Brinkmanship, at its simplest, is the tactic of pushing something to its very limit to get what you want. It is the idea of pushing something to the very brink, thus the term, that causes your opponent to back down from the immense threat. It could arguably be seen as a stand-off, especially if the opponent does not back down from the brinkmanship.

Brinkmanship was used very heavily in the Cold War, where many could describe the threat of nuclear warfare as Brinkmanship. In fact, situations such as the Cuban Missile Crisis could be described as such, with the very display of nuclear weaponry a clear tactic in brinkmanship, attempting to force the opponent’s retreat through sheer display and threat without having to ultimately go through with it.

It was also used in films such as War Games, where the imminent threat itself is used as brinkmanship. Nuclear warfare doesn’t ultimately happen, but its position on the very brink of happening is what drives a lot of the film and the reactions within the narrative.

In modern games, brinkmanship is an acceptable and usable tactic.

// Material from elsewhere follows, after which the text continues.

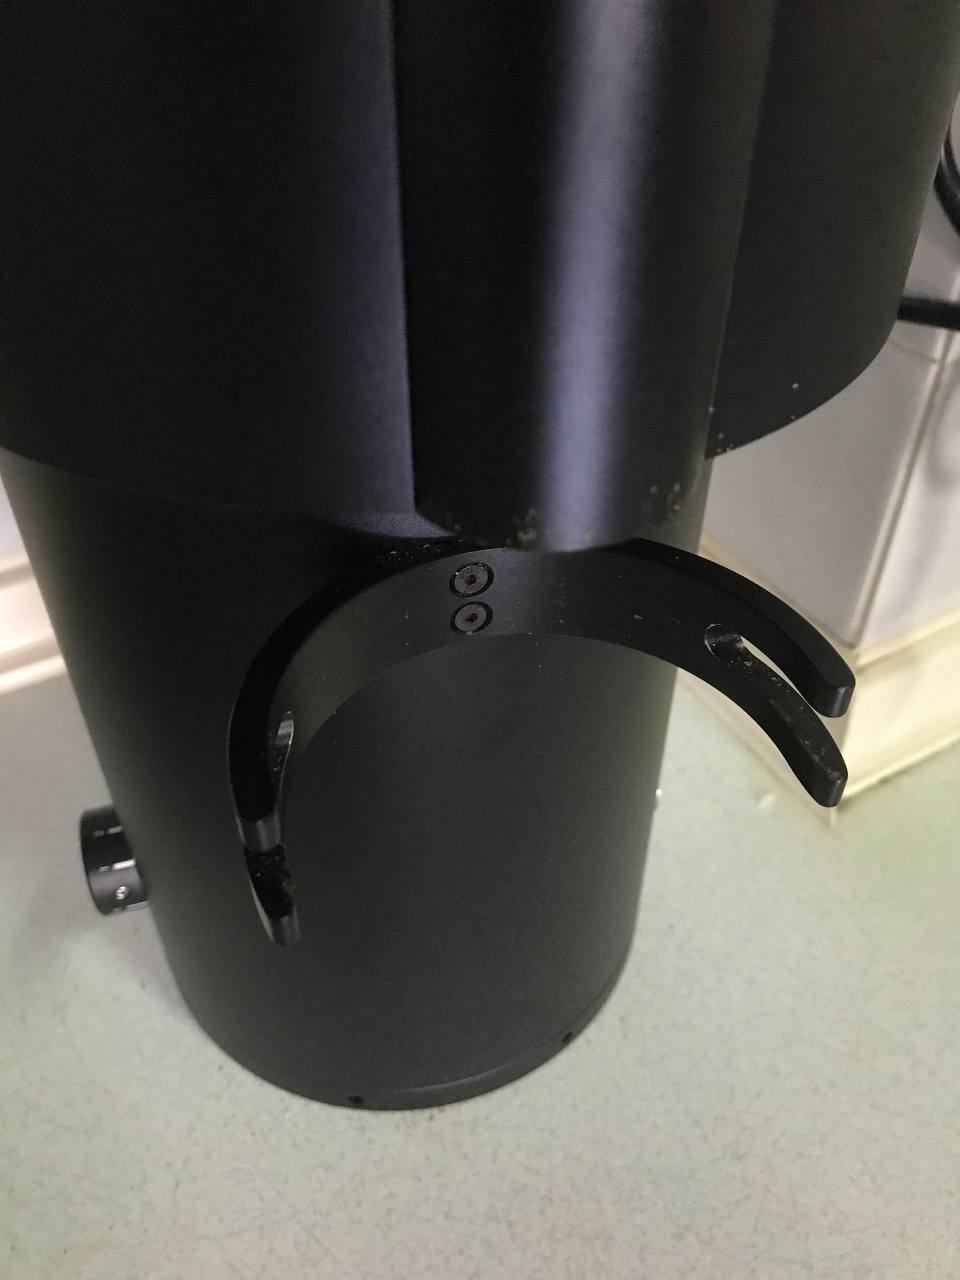 The integrated portafilter fork at the front of the P100 sits below the exit chute. The fork consists of 2 pairs of metal prongs for the ears of a portafilter to rest between.

Nuclear warfare might not exactly be possible, but many games have a way of exploiting brinkmanship. Variations of this tactic could include en-massing armies of units, or building strong, potentially aggressive buildings near the opponent. These forms of brinkmanship prevent your opponent from being aggressive, as your threat of retaliation is too great.

This can arguably be even more effective in multi-player games, where brinkmanship can push an opponent’s focus on to someone else, out of fear of attacking the one pushing the initial threat. In any strategy game, real life and great war films have shown how effective brinkmanship can be, for a variety of purposes.